Saturday, June 08, 2013

Color detection

Einstein got his Nobel for explaining the photoelectric effect (not for relativity). The photoelectric effect was a little bit of a puzzle. Put a cesium electrode in a vaccuum, and shine light on it. You get a small current flow to a nearby electrode. If you make the light more intense, proportionately more current flows. If you put a slightly negative relative voltage on the nearby electrode, you get a little less current, but it still flows until you reach a critical voltage. So far so good: electrons are getting knocked off with some maximum energy.

If you change the frequency of the light but keep the intensity the same, the current stays the same too--until the frequency drops too low, and then you don't get any current anymore. And if you check that voltage difference that stops the current, that rises and falls linearly with frequency. V ∝ (f-f_crit).

Einstein explained it: light comes in units, in which the energy is proportional to the frequency, and electrons are bound to atoms with well-defined energies. If the light particle has less energy than that binding energy, the electron stays put. If more, it kicks the electron loose, and gives it a little extra energy, up to as much as the whole leftover energy (usually less, though).

So if you don't know the photon energy you can figure it out from how much energy electrons get kicked out with. (provided the photon energy isn't too low)

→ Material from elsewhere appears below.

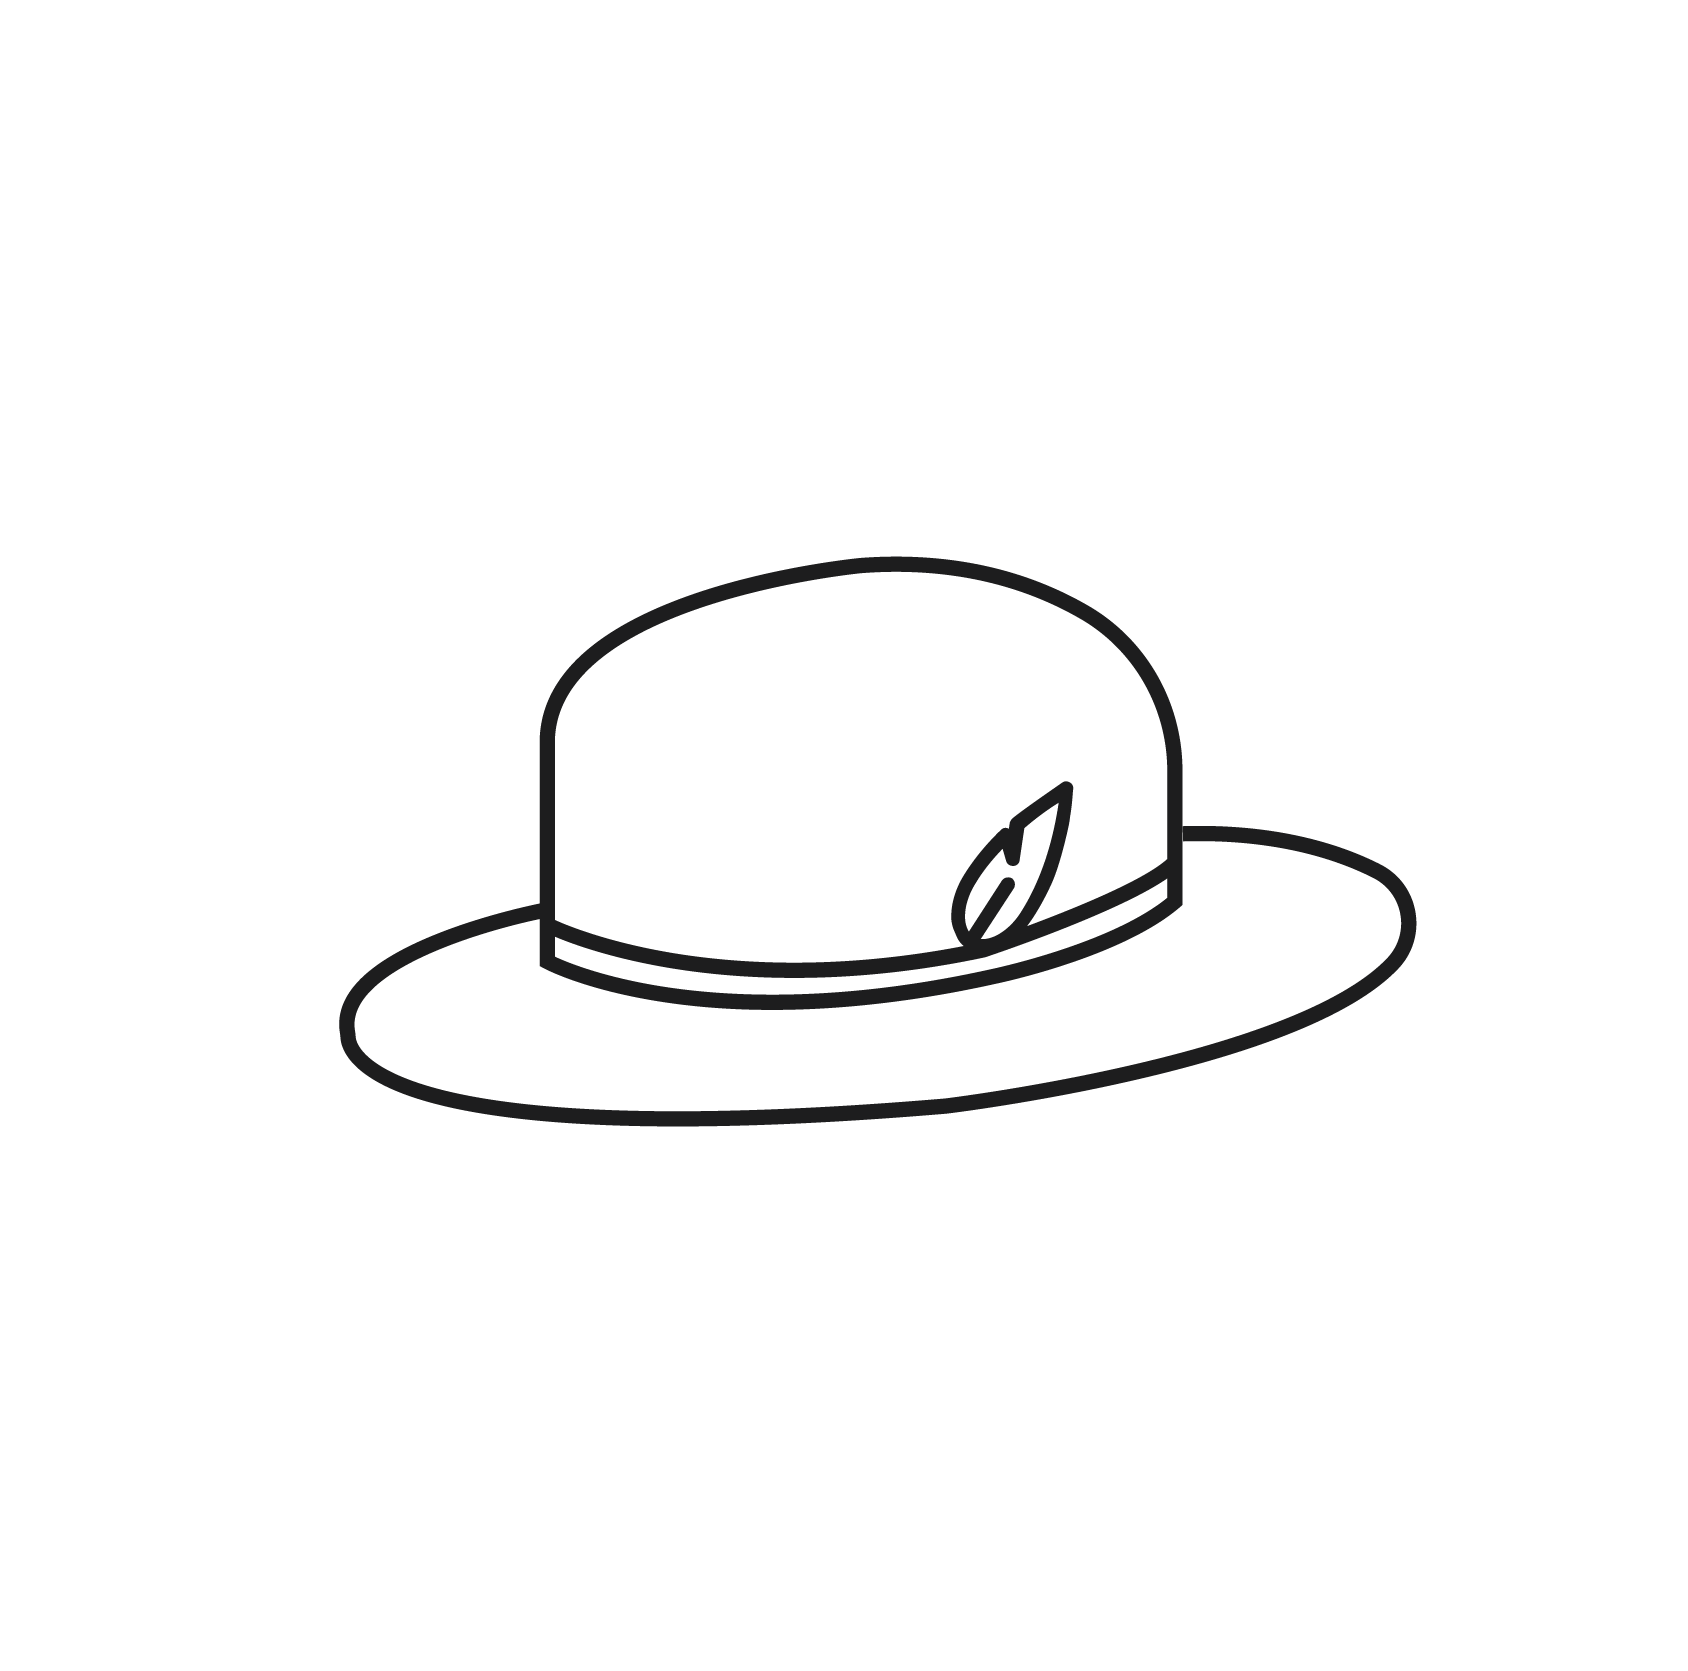 NJB Hat Black 04.png

It is kind of hard to see this effect in air, because the electrons collide with air molecules and lose energy. It would be even harder to see it in a solid, unless the solid layers were ultra-thin: say 50 nanometers or so. The more energetic electrons (from higher-frequency light: e.g. blue) travel farther through the thin layers than those from lower-frequency light (e.g. red). In the same way as with the traditional experiment, you can add a negative voltage to the deeper layers: the more energetic electrons will still get through but the lower energy (from red light) won't. Varying the voltage lets you determine what the energy was.

So you can have solid-state frequency detection in a tiny (they estimate 100 nanometer square pixels are possible) device. If you use several readout layers you could get "instantaneous" estimates, which would be good for multi-frequency fiber devices.

The CPU of the machine you read this on uses layers that can be as thin as 0.5nm, so this looks doable. This falls in the category of "I should have thought of that," but I wasn't paying attention to how thin micro devices were getting.

3 comments:

Assistant Village Idiot said...

It never once occurred to me that "I should have thought of that."

james said...

Understanding high energy particle motion in matter has been my bread and butter, and this is an obvious application--in retrospect :-(

I guess genius is seeing the obvious first.

It won't be a crisp measurement, but it should be good enough.

Texan99 said...

That's just what I was going to say: in the whole rest of my life, I wasn't going to think of that. Good thing someone else is in charge of noodling over that kind of thing!